GSA Connects 2022 meeting in Denver, Colorado

Paper No. 175-11
Presentation Time: 3:45 PM

SUBGLACIAL CHEMICAL WEATHERING OF TWO ALASKAN GLACIERS: INSIGHTS FROM DIURNAL VARIATIONS IN WATER CHEMISTRY


BROOKS, Jeremy, HANSEN, Dougal, STEVENS, Nathan, ZOET, Lucas and MARCOTT, Shaun, Department of Geoscience, University of Wisconsin-Madison, Madison, WI 53706

The water chemistry of glacial streams provides information about subglacial chemical weathering reactions. Temperate glaciers are prolific agents of physical erosion that produce abundant fresh mineral surface area available for chemical weathering. Subglacial weathering can act as either a net source or sink of atmospheric CO2 depending on whether the dominant reaction is silicate weathering (a CO2 sink) or coupled carbonate dissolution-sulfide oxidation (a CO2 source). Therefore, glacial erosion and weathering have been invoked as mechanisms that alter atmospheric pCO2 and Earth’s climate on Quaternary glacial-interglacial and longer timescales. To better define subglacial weathering’s impact on Earth’s climate, there is need for additional data constraining the relationship between weathering, erosion, and meltwater discharge. On shorter timescales, variations in water chemistry provide insights into subglacial hydrology, as waters with different residence times will have different chemical composition.

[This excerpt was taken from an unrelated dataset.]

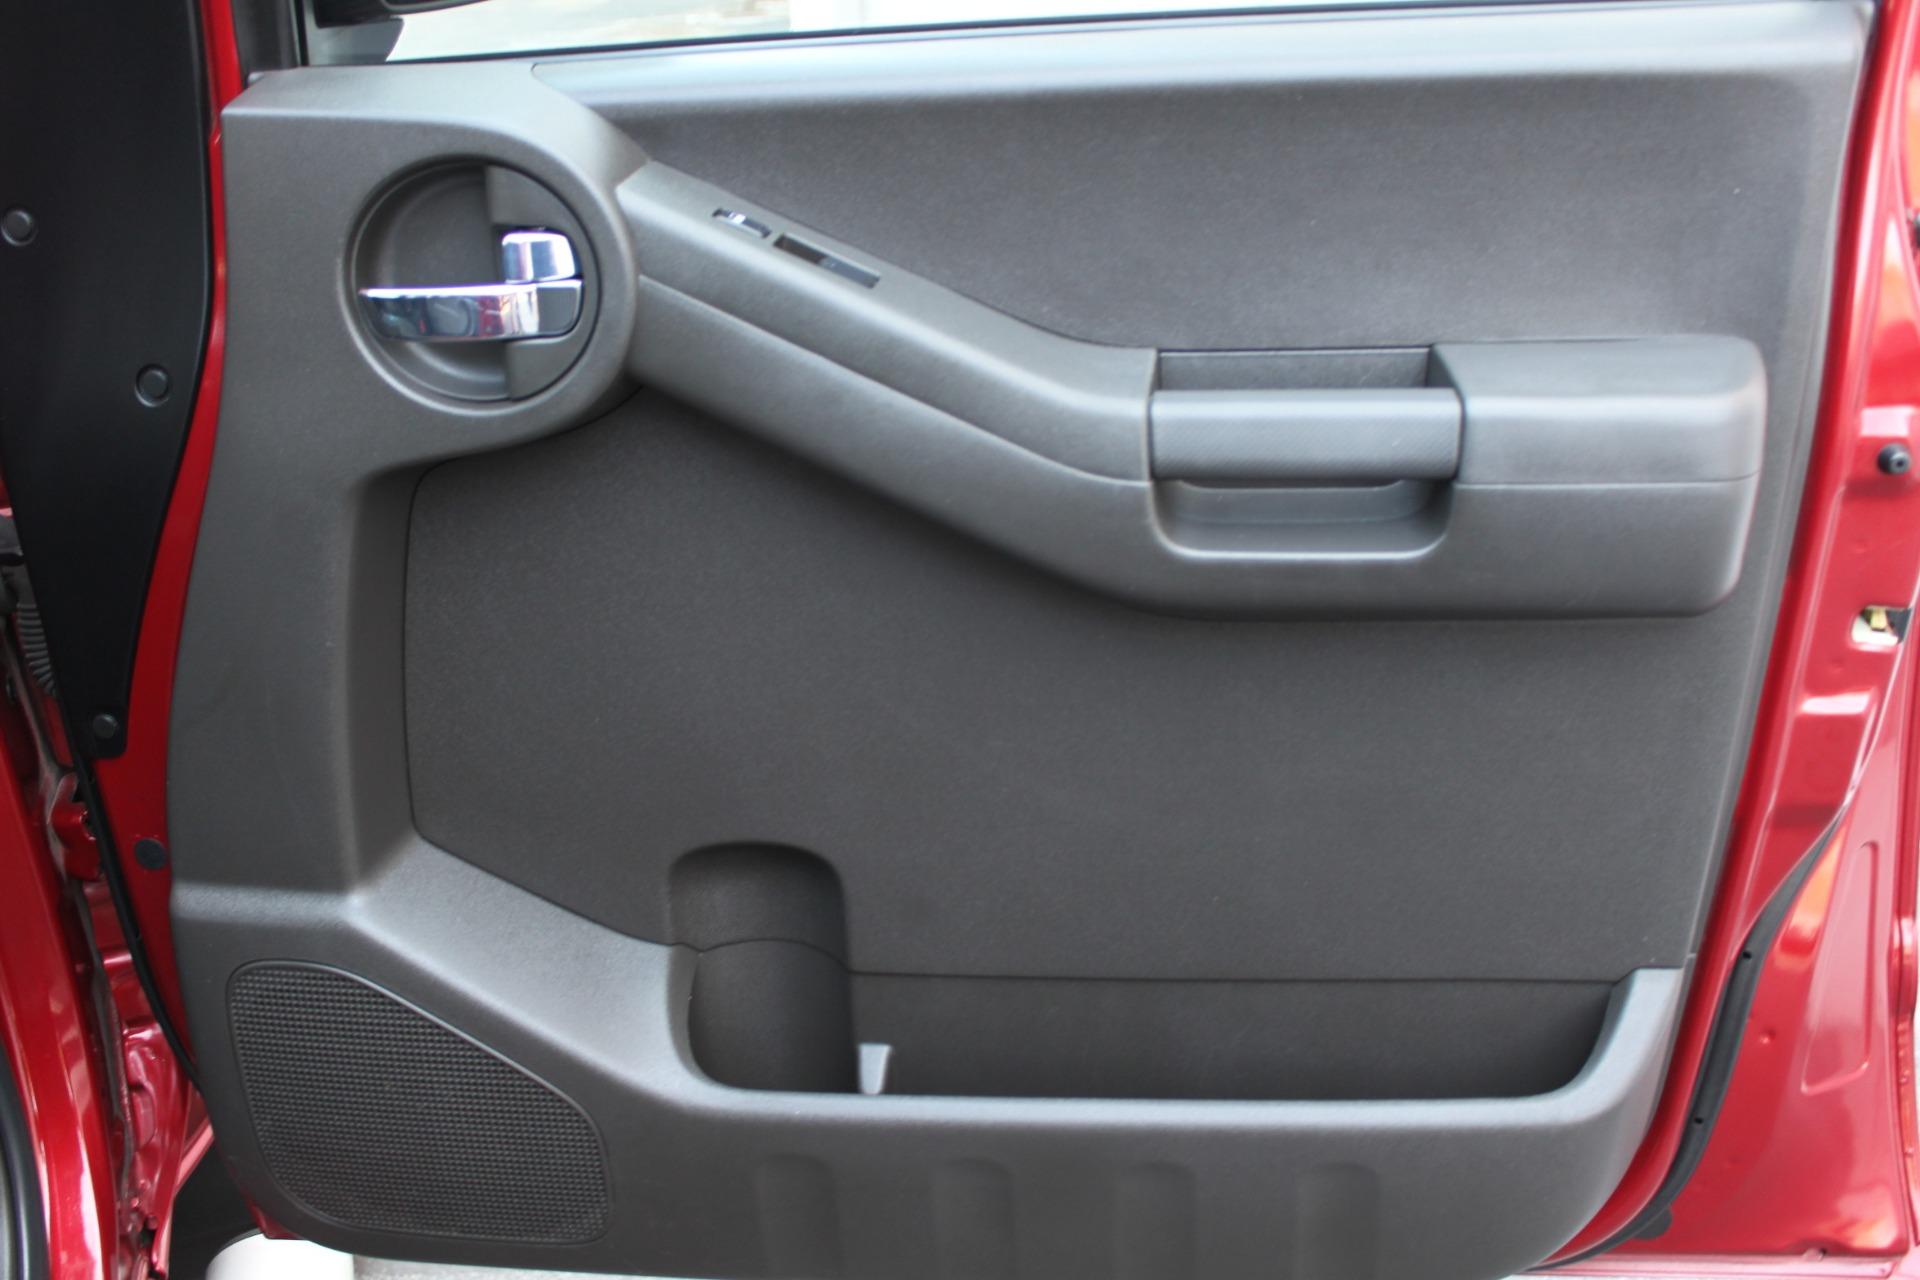 Used-2006-Nissan-Xterra-Off-Road-Grand-Wagoneer

Here, we present major ion chemistry data from proglacial stream water samples from near the terminus of Bench Glacier (Chugach Range) and Kasidaya Glacier (Coast Range), Alaska. We collected water samples multiple times a day to capture diurnal variations in water chemistry and meltwater discharge. We measured major cations (Na, K, Ca, Mg) and major anions (SO4, HCO3, Cl, NO3), and used a weathering mass balance model to determine the dominant chemical weathering reactions for each sample. We combine our chemical measurements with proglacial stream discharge records to examine how water chemistry evolves alongside discharge. Our preliminary results spanning three diurnal cycles at Bench Glacier suggest that coupled sulfide oxidation-carbonate dissolution (a CO2-releasing reaction) is the dominant chemical weathering reaction over silicate weathering, despite silicate-rich bedrock lithology. We find that the relative dominance of chemical weathering reactions exhibits substantial diurnal variation that is not entirely explained by variations in discharge. Our work has implications for understanding subglacial hydrologic flow paths and water residence times, as well as understanding the effect of glaciation on long-term atmospheric CO2 and climate.